ALEX BRUMMER: Beware of financial institution mergers – they’ll go horribly fallacious
Europe’s banking scene is very different from 2007 when Royal Bank of Scotland, aided and abetted by Santander and Fortis, gate-crashed a proposed £69billion merger of Barclays with Dutch lender ABN Amro.
Barclays boss John Varley, married to a scion of one of the bank’s founding families, even conceded that the headquarters would be canal-side in Amsterdam.
RBS’s intervention led to all the parties involved being bailed out by governments, with RBS, later renamed NatWest, only escaping the clutches of the Treasury on May 31 this year. The road back for European banking has been perilous.
Paradoxically, Wall Street banks, at the core of the Great Financial Crisis (GFC), bounced back to health bigger and stronger. Among Europe’s challengers, only HSBC, with its stranglehold on Hong Kong, is in the same league as JP Morgan and Bank of America.
The repairs to Europe’s fractured banking system are now more-or-less done and the industry is throwing off huge volumes of cash. Consultants Oliver Wyman note that European banks have returned $300billion to shareholders since 2022. The cash generated by a restored sector is fostering an M&A boom, with $36billion of deals this year and dizzying reports of new alliances.
Andrea Orcel, the investment banker behind the disastrous RBS-ABN Amro transaction, is leading the charge. Now boss of Italy’s UniCredit, he is in hot pursuit of Commerzbank in Germany. He has been also trying to buy Banco BPM in Italy in a deal which has been on and off.

Shopping around: Authorities in Frankfurt and Brussels are gung-ho for cross-border mergers, but national authorities are more circumspect
The last bout of European bank mergers was brought to a nasty end by the GFC. The subsequent 2010 euro crisis, which began in Greece, saw the banking systems in the Club Med: Greece, Italy and Spain, struggling with bad debts.
There is now a recognition that Europe’s fractured banking system is no match for the bigger US beasts. If the euro is to establish itself as an alternate reserve currency to the dollar, cross-border bank mergers and capital markets must be established.
Christine Lagarde, president of the ECB, is leading the charge. Britain is on the sidelines of European debate. Authorities in Frankfurt and Brussels are gung-ho for cross-border mergers, but national authorities are more circumspect.
BBVA’s multi-pronged effort at buying Sabadell in Catalonia has shaken Britain’s TSB, spun-out from Lloyds after the financial crisis, out of the tree. There is no end of speculation about the fate of TSB and for that matter Santander in the UK.
The latter was pieced together by Santander chairman Ana Botin out of the remains of consumer banks Abbey National, Alliance & Leicester and Bradford & Bingley in the detritus of the financial crisis. NatWest reportedly wanted to buy Santander but the price was lofty. Santander itself is in search of more scale by buying TSB.
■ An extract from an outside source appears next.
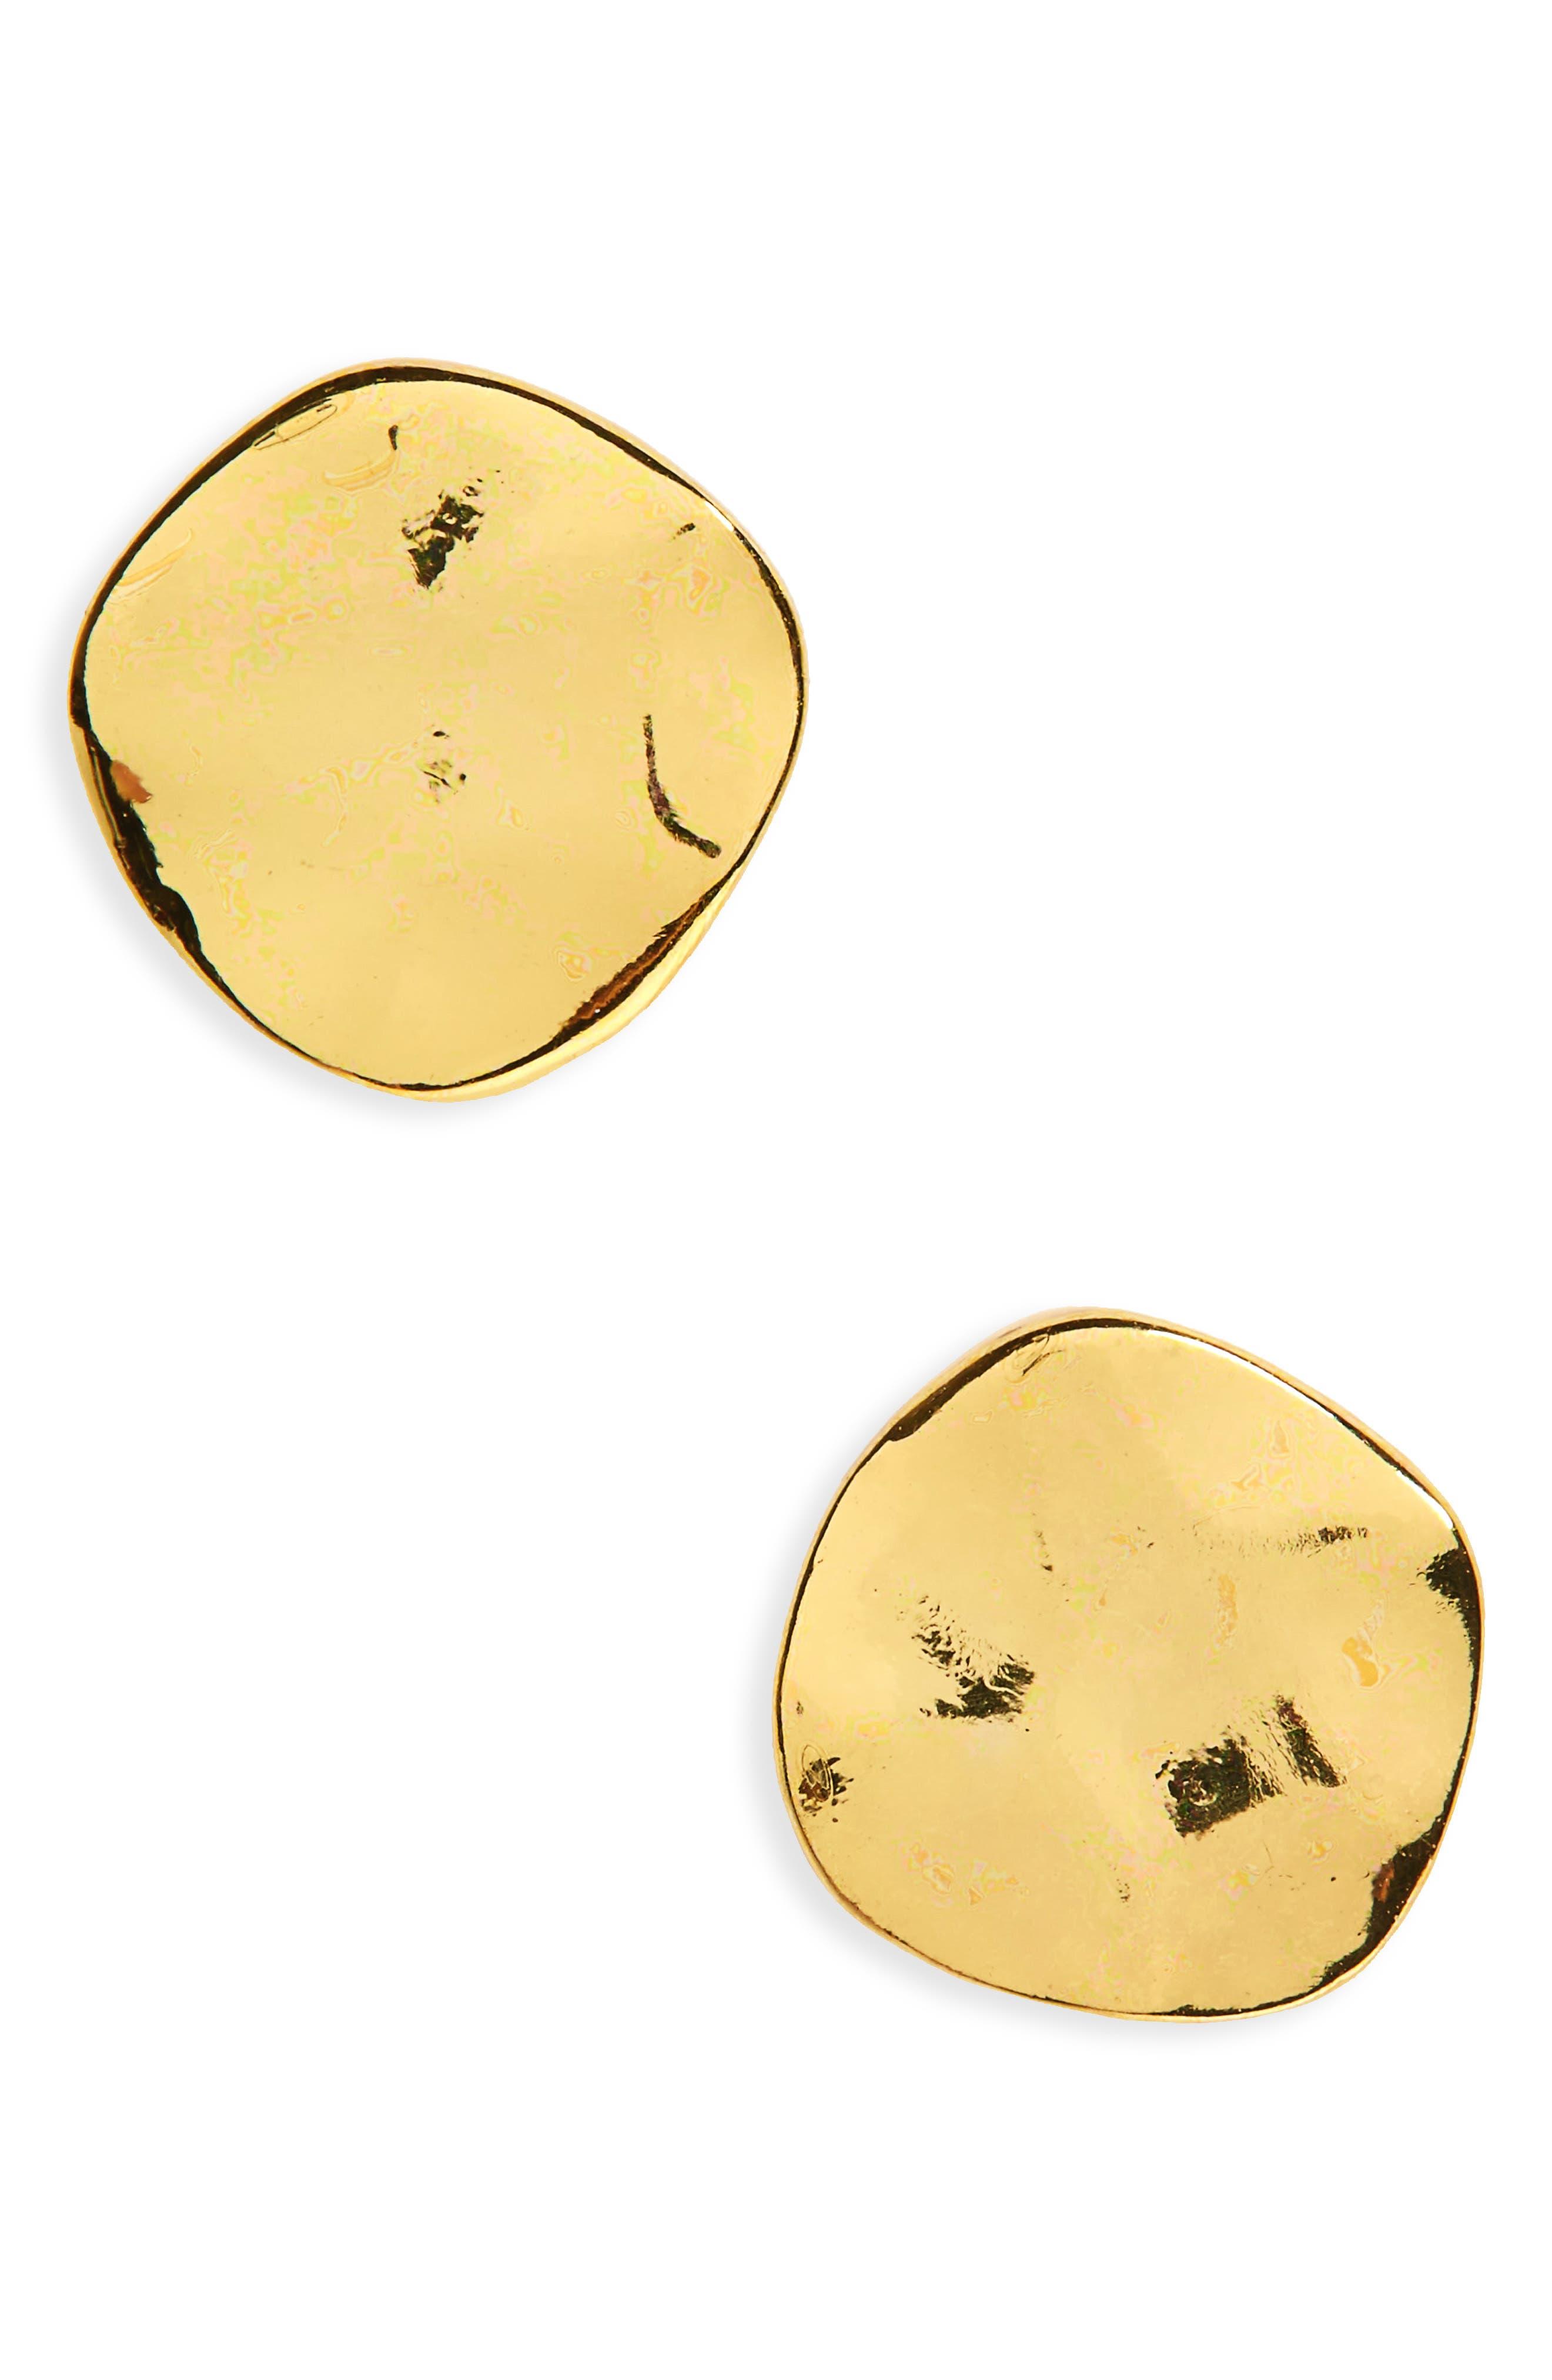 Main Image - gorjana 'Chloe' Small Stud Earrings

Meanwhile in the UK, challenger banks are consolidating with the supermarket banks now owned by High Street lenders.
The owner of RBS spin-off Shawbrook is looking at a deal with Metro Bank. NatWest chief executive Paul Thwaite, freed of government interference, makes no secret of its ambition to bolt on more customers. But NatWest has taken itself out of the TSB race.
The former RBS learnt the hard way that bank bids can go horribly wrong. Investing in customer loyalty and financing growth for UK start-ups would be a smarter deployment of surplus resources.
DIY INVESTING PLATFORMS
Affiliate links: If you take out a product This is Money may earn a commission. These deals are chosen by our editorial team, as we think they are worth highlighting. This does not affect our editorial independence.